“You Don’t Come See Me Anymore”

By  |  November 20, 2018
From MalcolmHolcombe.com From MalcolmHolcombe.com

2018 Southern Music Issue Sampler featuring North Carolina

Track 11 – “You Don’t Come See Me Anymore” by Malcolm Holcombe


 

I

t’s a Thursday night in Micaville, and at the intersection of NC 80 and an ice cream shop, Malcolm Holcombe is smoking on the porch of the OOAK Gallery. He’s halfway through playing for three dozen people seated on fold-out chairs, and what the crowd lacks in size it makes up for in devotion. This is the second time I’ve heard him play in the past few months and it’s always the same: nobody knows who Malcolm Holcombe is, except those who do. And those who know really know. You listen to him and you become evangelical about his music, this scarecrow of a man folded over his Martin guitar. The way the eyebrows raise and the teeth bare, the way the head shakes, as if to disavow whatever he’s just sung. Holcombe is sixty-two; he’s recorded fourteen albums in over twenty years. You can listen to them and conclude that you are encountering genius, an American original in the vein of William Gay or Flannery O’Connor, an Appalachian poet who, though rooted in these mountains, thinks, as Jim Wayne Miller put it in his “Brier Sermon,” “ocean to ocean.” 

Or you can simply pull up a fold-out chair. 

It must have been 2004 when I first heard him, A Hundred Lies dropped in my hand by an old Southern Lit professor down in the failing hills of South Carolina, where I grew up. It was, and still is, a land of red clay and waterfalls and shuttered textile mills gone to the Maquiladora belt of Mexico, of Sunday suppers in the mosquito heat.
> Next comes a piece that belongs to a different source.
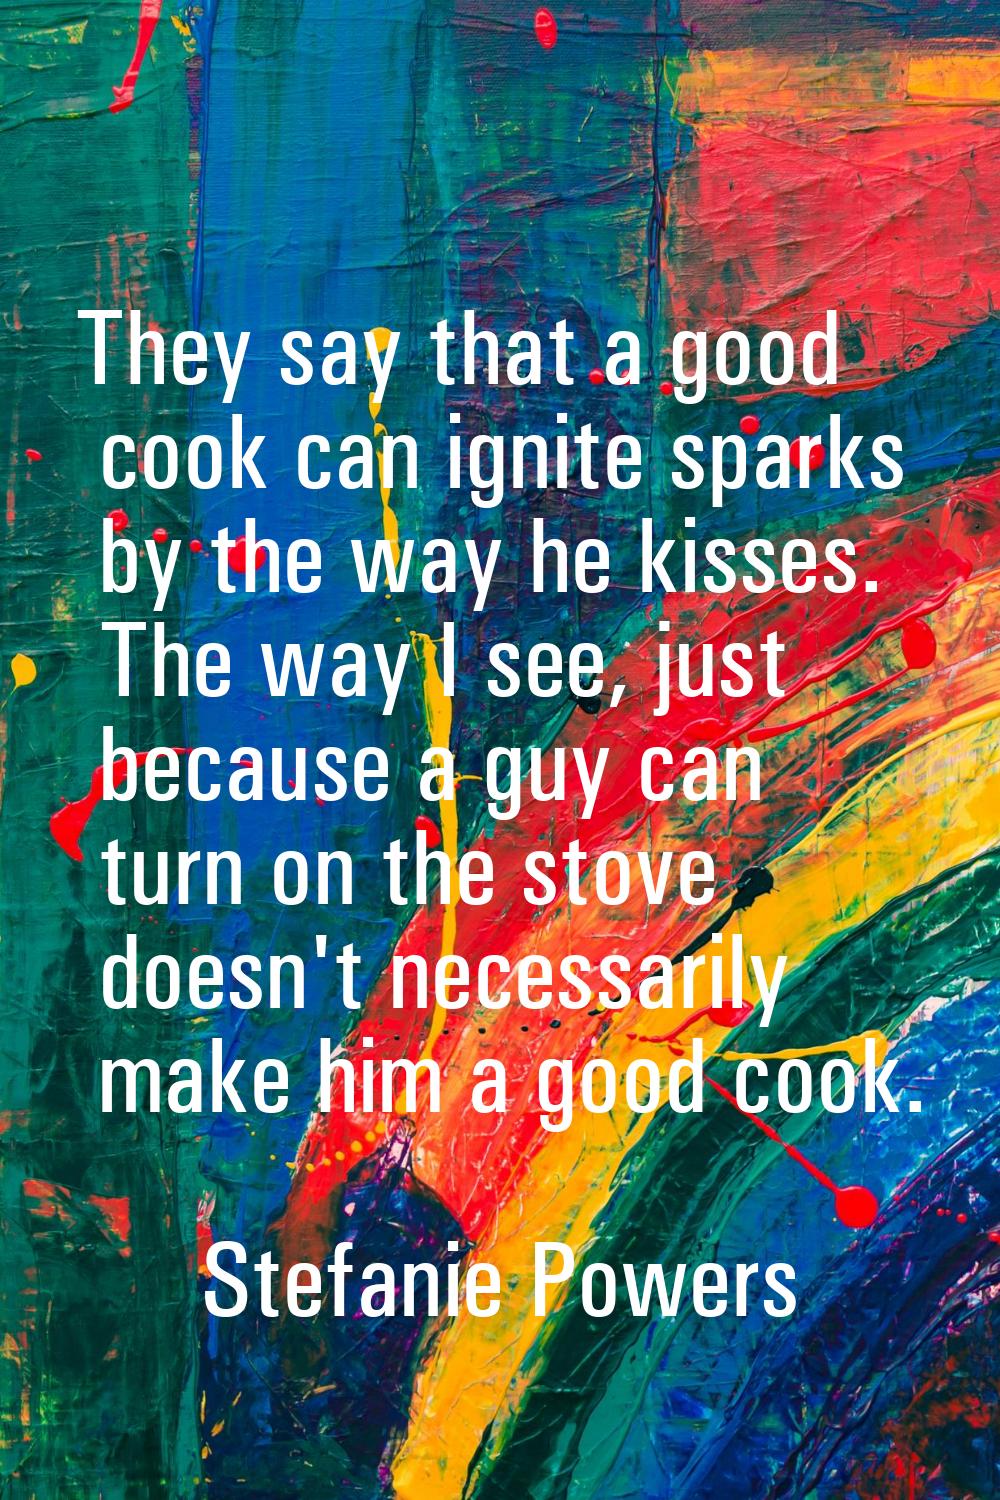 They say that a good cook can ignite sparks by the way he kisses. The way I see, just because a guy

Sticking that CD into the deck of my ’89 Jimmy, I knew, I simply knew I was listening to a truth that, though it was all around me, I had never quite heard articulated outside of books. I’ve been listening to him ever since, but until tonight I’d never met him. 
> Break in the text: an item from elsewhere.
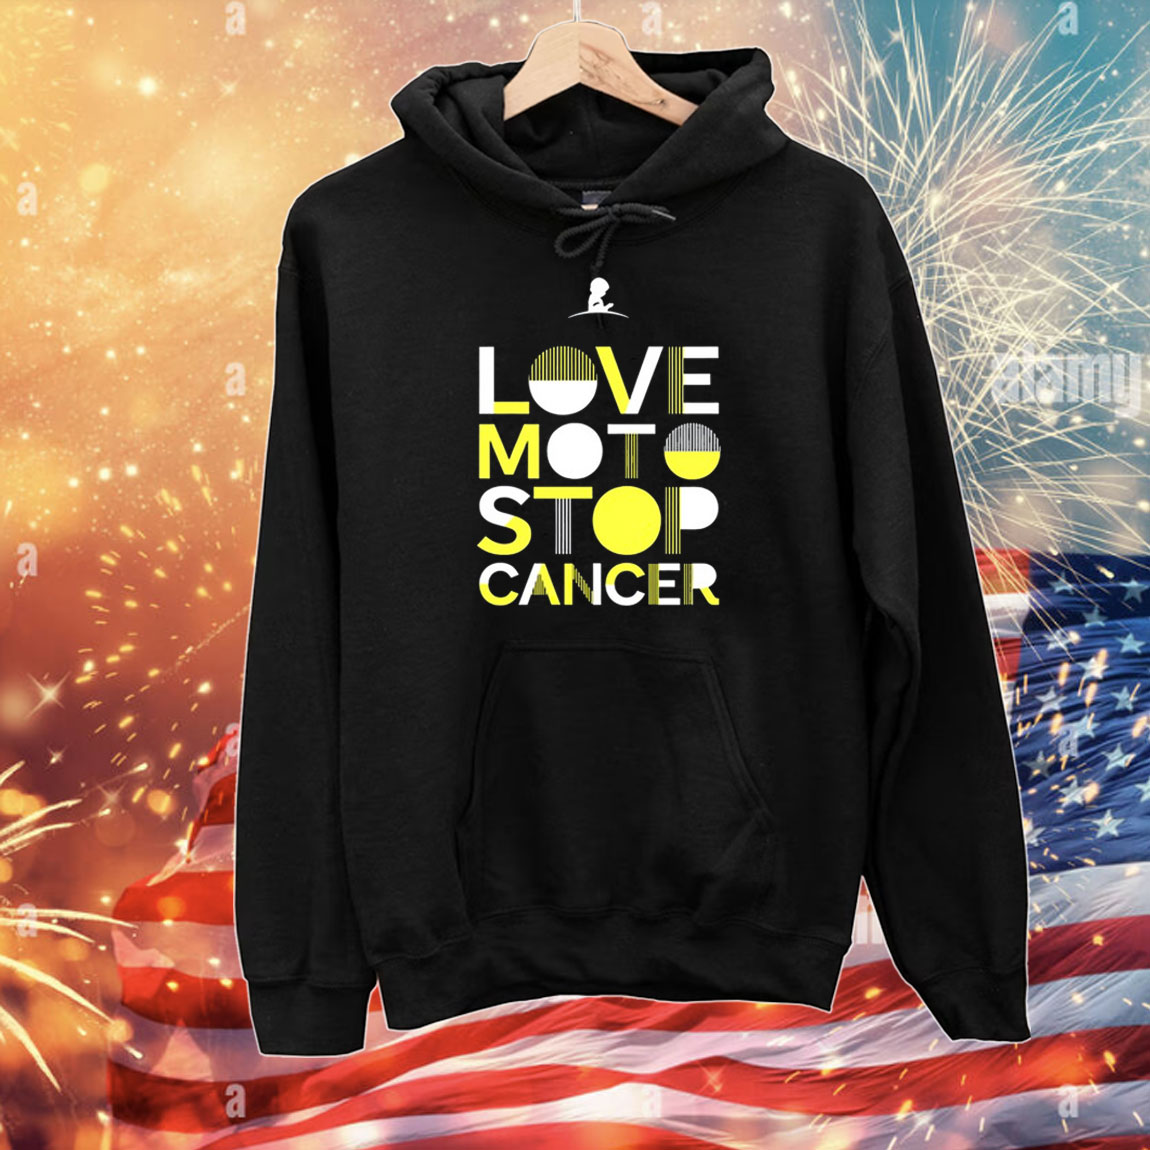 St. Jude Love Moto Stop Cancer T-Shirts

I wait until a huddle of well-wishers in jeans and boots breaks up, and then I walk over. He’s in a misaligned blue shirt, his stringy hair brushed to the side, a Pall Mall between his fingers. When he sees me, he cocks his head as if sighting down the barrel of a gun. 

 

Around the time that I first encountered Holcombe’s music, I received a writing fellowship that allowed my wife and me to quit our jobs and fly to Europe. We traveled until the money was gone, or nearly. She came home, but I stayed on a bit longer, alone in our tiny flat in Prague. I was trying to come to terms with the presence of what might be called God, though I didn’t know this at the time. In place of knowing, I had a routine: I would pray the Jesus prayer every morning for as long as I could bear it, and then I would get up and run along the Vltava River for eighteen or twenty miles, breathing Lord Jesus Christ with one stride, have mercy on me with the next. When I came back from running, I would shower and read Dostoevsky until night. It was a recipe for crazy, and I suppose crazy was what I had become. But with the crazy came clarity and hunger. I carried both back with me to the United States. 
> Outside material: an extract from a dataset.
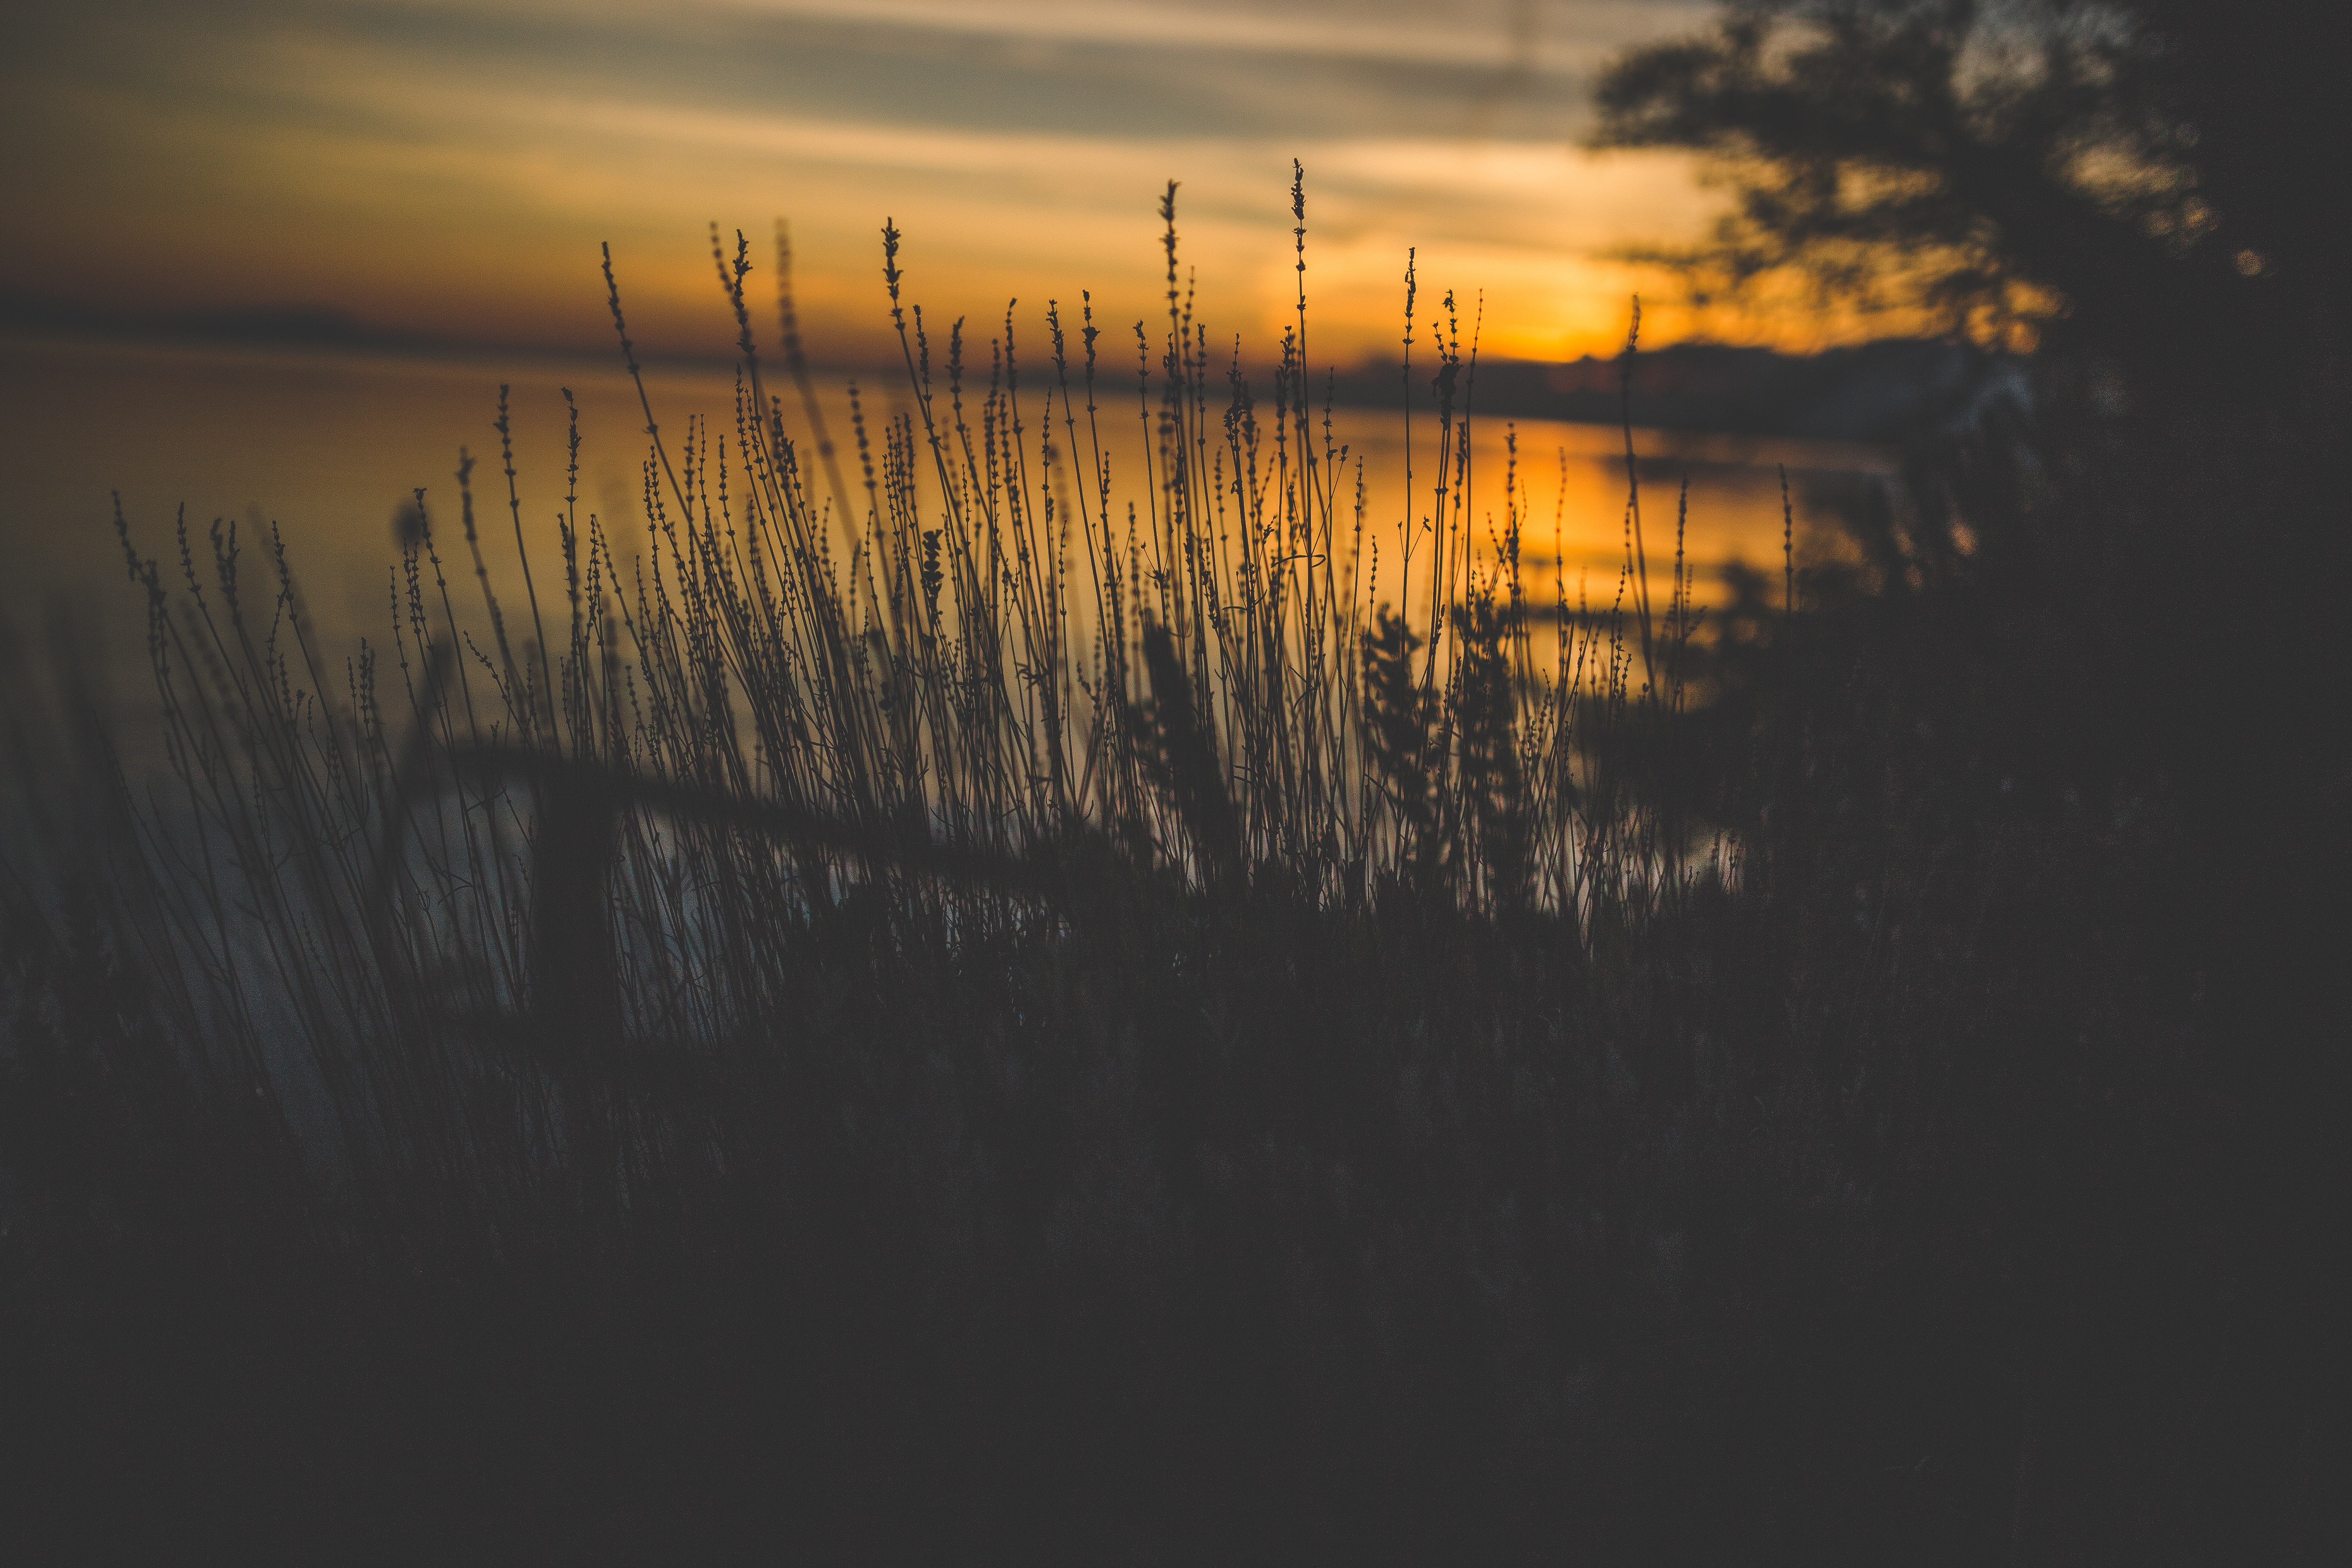 Silhouette of grass near body of water during golden hour photo

That fall, my wife and I started attending a tiny mountain church where something—God, the Holy Spirit—was moving, whether you cared to believe it or not. Much of this had to do with the pastor. He was the purest embodiment of love I had ever met, and I decided to become him. 

I failed, of course—how could I do anything but?—and for years, that failure haunted me. When I first heard Holcombe’s “You Don’t Come See Me Anymore,” a gorgeous ballad about aging and about exhaustion, about the way love so often flickers and then flickers out, I knew I was hearing the self I might have been calling back to the self I had become. It was a mournful, though understanding voice: “I know your eyes are sick and tired and sore.” But the repetition was clear: I had abandoned what it was I intended to be. 

It was years more before I realized the song is no more indictment than absolution. It catches the glare of what James Agee called “the cruel radiance of what is,” and though that glare is harsh, it exists without judgment. It is simply, and beautifully, a song about the way we grow old, the way we can become lonely for selves unrealized, homesick for the very ground we stand on. But in the end, none of that matters. There is only the ground beneath us, and the two feet on which we stand. It is a song, as Malcolm puts it, about the way our “rather beens don’t matter more and more.” 

 

Standing outside that night in Micaville, I ask Malcolm what he remembers about writing this song. 

He nods and takes a drag. 

“It’s just about getting lonely, I guess,” he says, “about getting old and lonely.” 

And then he turns, touches me gently on the arm, and goes back inside.